What Is GPT-3 and Why Is It Talking to Us?
Description: A rendering of some NVIDIA Graphics Processing Units (GPUs). Chips like these are used to quickly train large neural networks. Photo Credit: Nana Dua.
Silicon Valley is buzzing because of GPT-3, which is the newest piece of research from the Elon Musk-backed research institute OpenAI.
GPT-3 is the largest and latest in a long line of machine learning models that generate language. Internally, it works much like your phone keyboard's autocorrect--predicting the next words after a sequence of past words.
But unlike your phone's autocorrect, GPT-3 can spill out fully-coherent passages of text that seemingly have never been written before. The technology behind GPT-3 powers many advances in natural language processing--everything from language translation to document summarization.
Can GPT-3 Really Write Anything?
Well, people have been trying a lot of different things.
Gwern Branwen used GPT-3 to generate creative fiction. He also wrote a technical overview of GPT-3.
Kevin Lacker attempted to perform a variant of the Turing Test to GPT-3--asking questions designed to reveal whether the counterpart is human or a machine.

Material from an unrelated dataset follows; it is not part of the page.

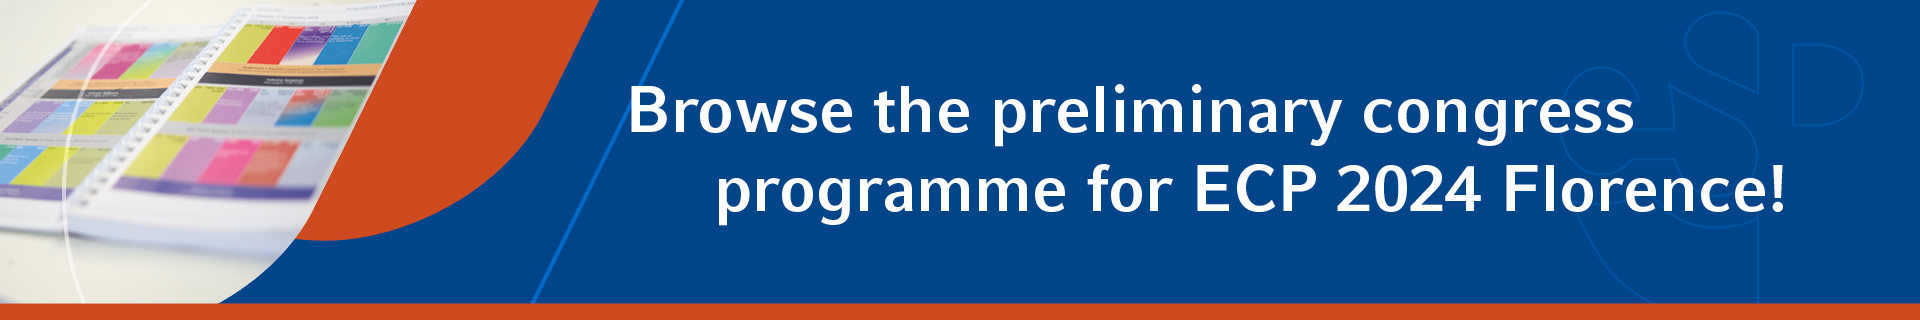 Browse the preliminary congress programme for the ECP 2023 Dublin

Andrew Mayne performed various experiments with GPT-3, including around its ability to summarize text.
The entrepreneur Arthur Breitman also tried to give another Turing Test. Then, Eliezer Yudkowsky--a researcher known for his theories around artificial intelligence--saw the results and remarked that GPT-3 might be "hiding" the full extent of its intelligence.
So I don't want to sound alarms prematurely, here, but we could possibly be looking at the first case of an AI pretending to be stupider than it is. In this example, GPT-3 apparently fails to learn/understand how to detect balanced sets of parentheses. (1/10.) https://t.co/cmO1xJuyAQ pic.twitter.com/jqAefa9OXW
— Eliezer Yudkowsky (@ESYudkowsky) July 20, 2020
McKay Wrigley built an app that asks GPT-3 to deliver responses in the style of a specific person--like, say, Albert Einstein. Here is a screenshot of me asking McKay's app about how to write a hit song.

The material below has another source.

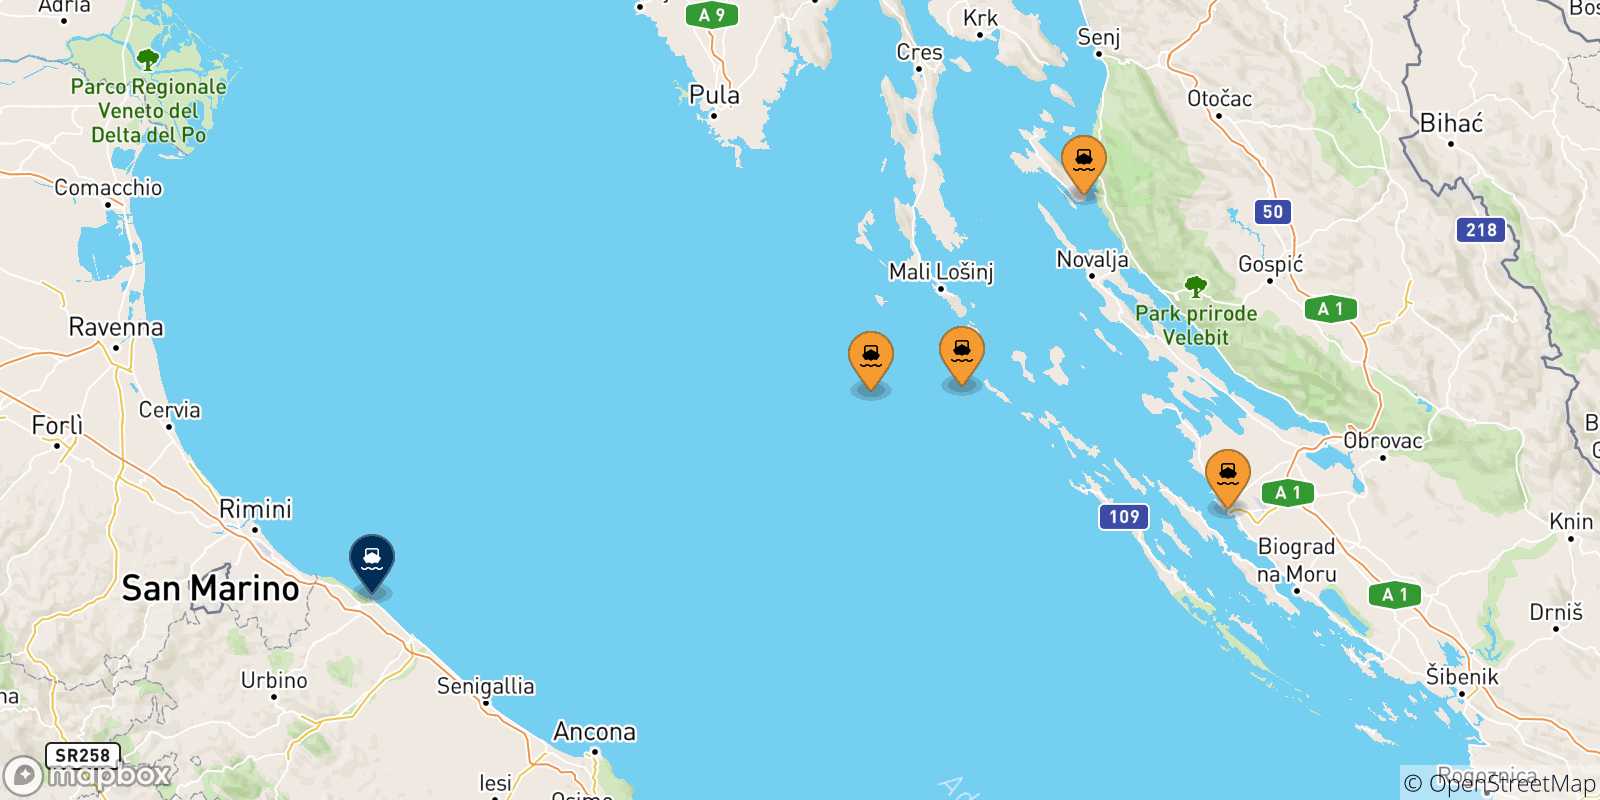 Mappa delle possibili rotte tra la Croazia e Pesaro

Oh my god. This is better than I thought it would be.
— James Mishra (@rishmishra) July 17, 2020
I asked @mckaywrigley's GPT-3 app https://t.co/Lfpk8jPHvj about how to make a hit song. pic.twitter.com/LS7qIQ31qp
Jordan Singer used GPT-3 to create a plugin for Figma--an online visual design tool--that can design seemingly anything you describe. Jonathan Lee discusses Jordan's tool in greater depth.
This changes everything. 🤯
— Jordan Singer (@jsngr) July 18, 2020
With GPT-3, I built a Figma plugin to design for you.
I call it "Designer" pic.twitter.com/OzW1sKNLEC
Sharif Shameem developed a GPT-3 powered layout generator for web applications.
This is mind blowing.
— Sharif Shameem (@sharifshameem) July 13, 2020
With GPT-3, I built a layout generator where you just describe any layout you want, and it generates the JSX code for you.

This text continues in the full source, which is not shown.